I watched the Jim Ewart Memorial Pace from Scioto Downs from Sept. 10 a total of six times now. I have tried to think of a more incredible battle that I have seen over the many years of my involvement in racing and this is the best. With a 25.2 first quarter and a head-to-head battle from the half-mile pole home, Always B Miki and Wiggle It Jiggleit and their drivers poured out their hearts and souls to the finish line. 

This was, to me, a race for all time.

I do not forget Freaky Feet Pete leaving from the far outside post 9 and directly outside of Wiggle It Jiggleit, being parked the entire mile and finishing fourth.
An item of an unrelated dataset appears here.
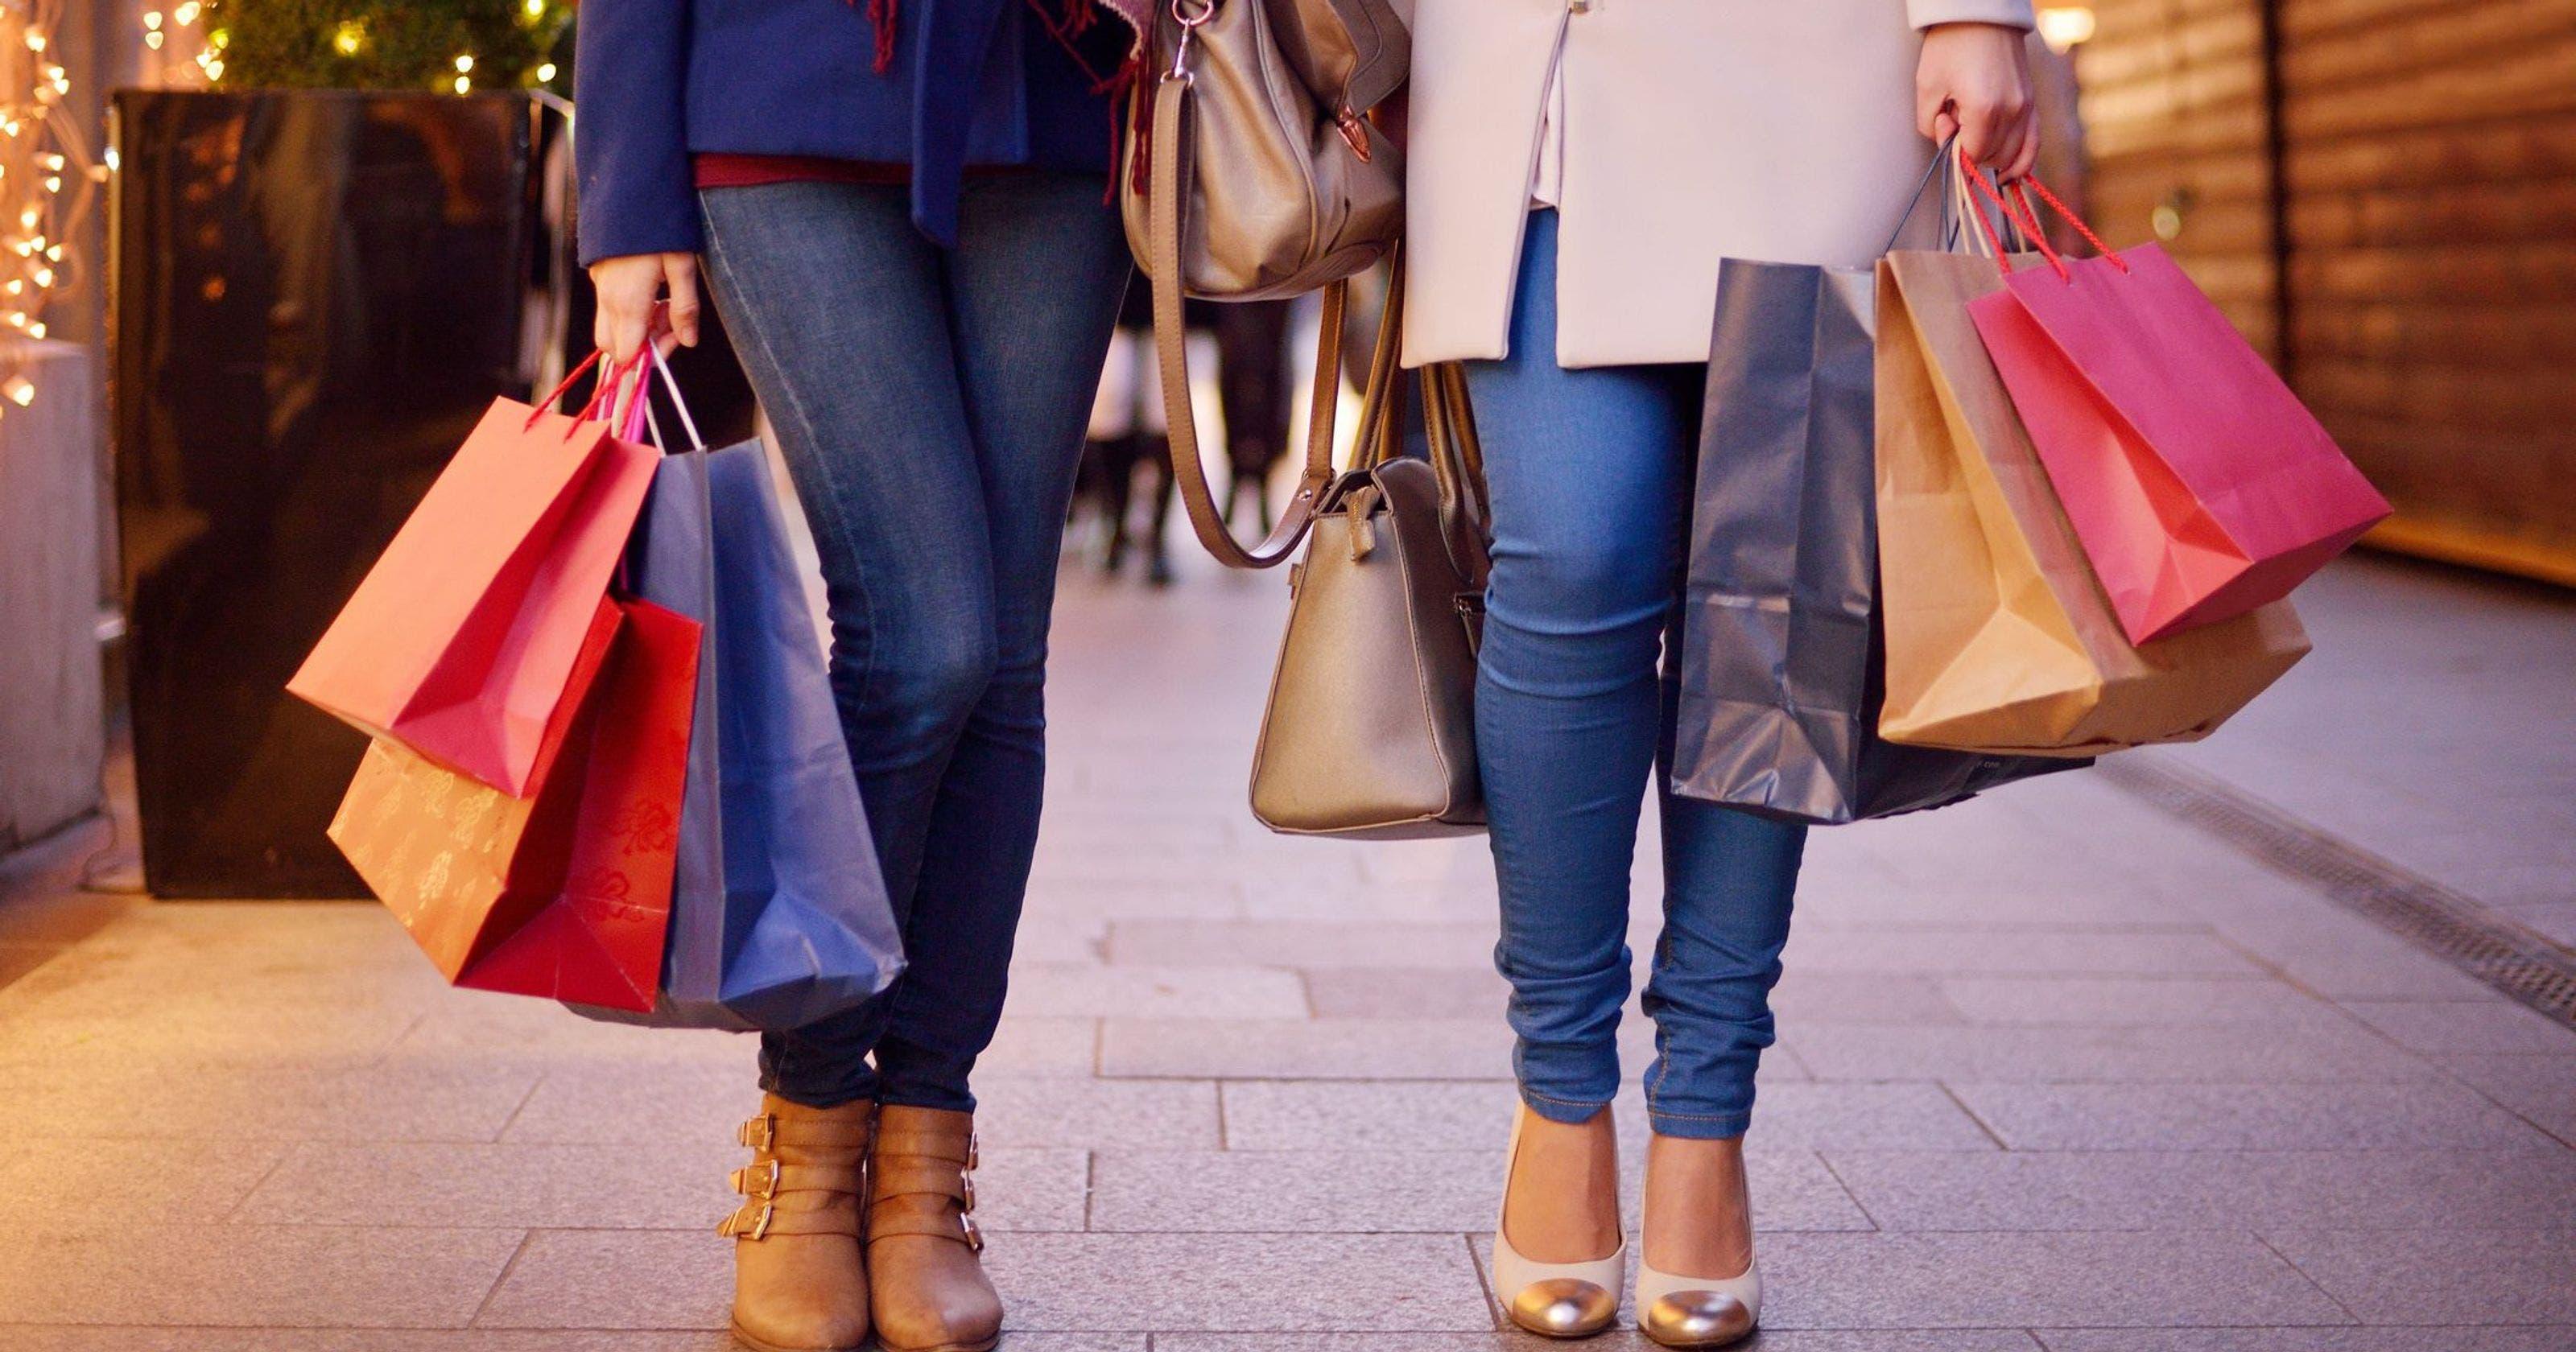 Empresas facilitan obtención de ofertas en el Black Friday

Had he decided to leave from that post, we would have seen a sub-25-second first quarter. 

The more amazing fact is that the connections of these three horses continue to battle against each other rather than pick easier spots in other racing jurisdictions that would allow them to possibly earn as much money as they are earning now; however, they are up to the battle and are providing us with the greatest racing and entertainment we could ever hope for. I want to personally thank all the connections for your true sportsmanship and competitiveness.  Racing owes you much for what you are doing for our sport and our fans.

Looking Forward

I received several e-mails regarding my last column and they focused on ideas to update our product, market and provide better opportunities for new owner development, fan generation and a better gamble for our bettors.
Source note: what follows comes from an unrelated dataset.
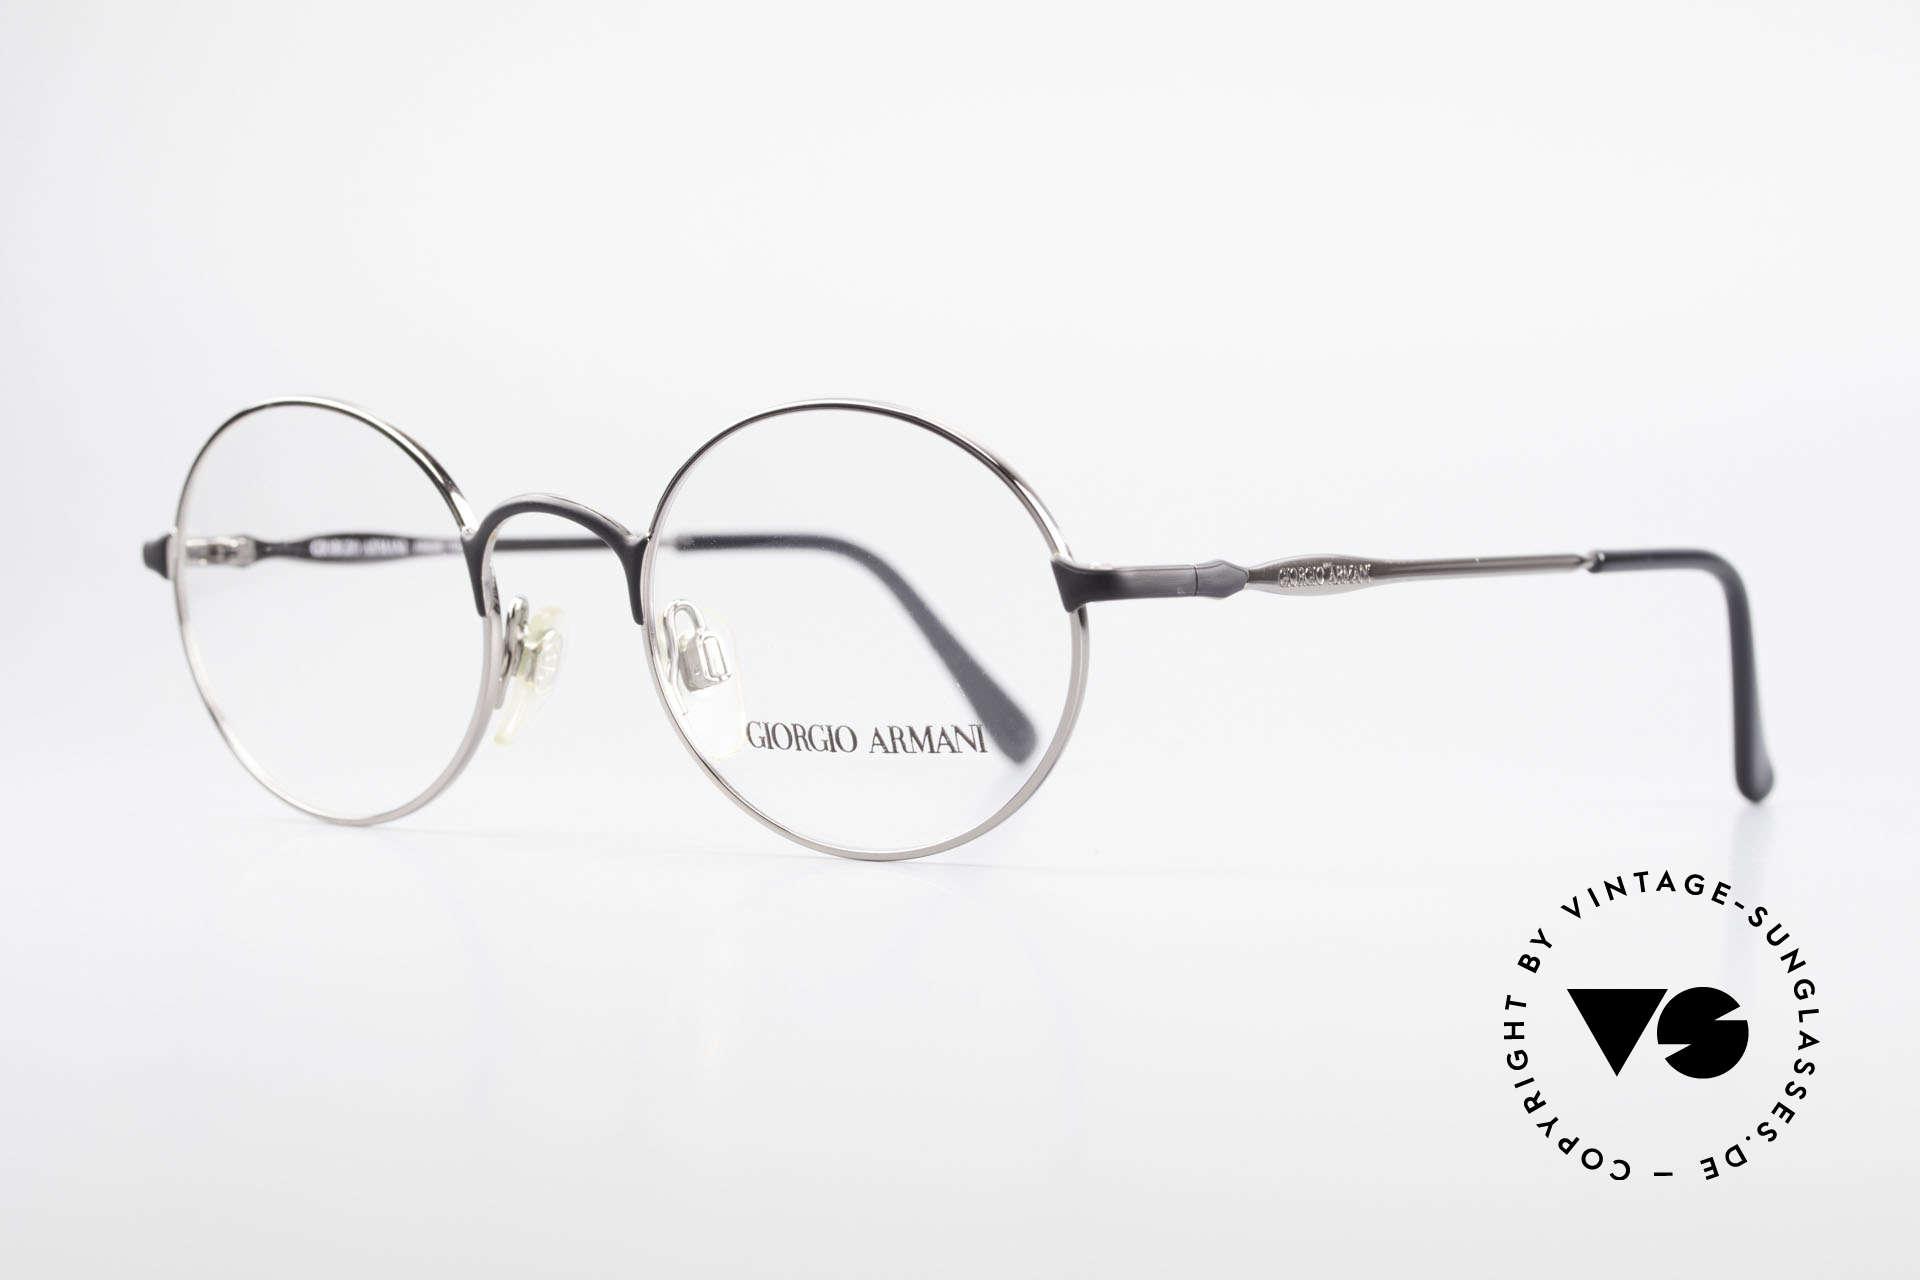 Giorgio Armani 243 Runde Ovale Brille 90er Small, dezenter & zeitloser Stil in schwarz und silber, Passend für Herren und Damen

We know that the addition of casino gaming has been extremely important to our industry in generating substantial increased revenues to racetrack operators, horsemen and owners.  However, this added revenue is not sufficient alone for the long-term health of the industry.  We need to identify and address the critical areas that need improvement and changes if we are going to move forward.  

From time to time, I go back to the two Zielinski studies we had done on behalf of the harness racing industry: the first in 1991 and an update completed in 2010. The first study focused on 13 interrelated issues that should be addressed if we were to change the direction of the industry. In 2010 the USTA engaged the original consultant to update the report. Dr. Zielinski summarized her findings at that time in stating that of the 13 original issues and projects, nine of them continued to be major issues for the industry.  Those issues are noted below with a few of my comments and questions for you. Do you believe that some of these are truly important to the future success of our industry? If so, have we made enough progress to date?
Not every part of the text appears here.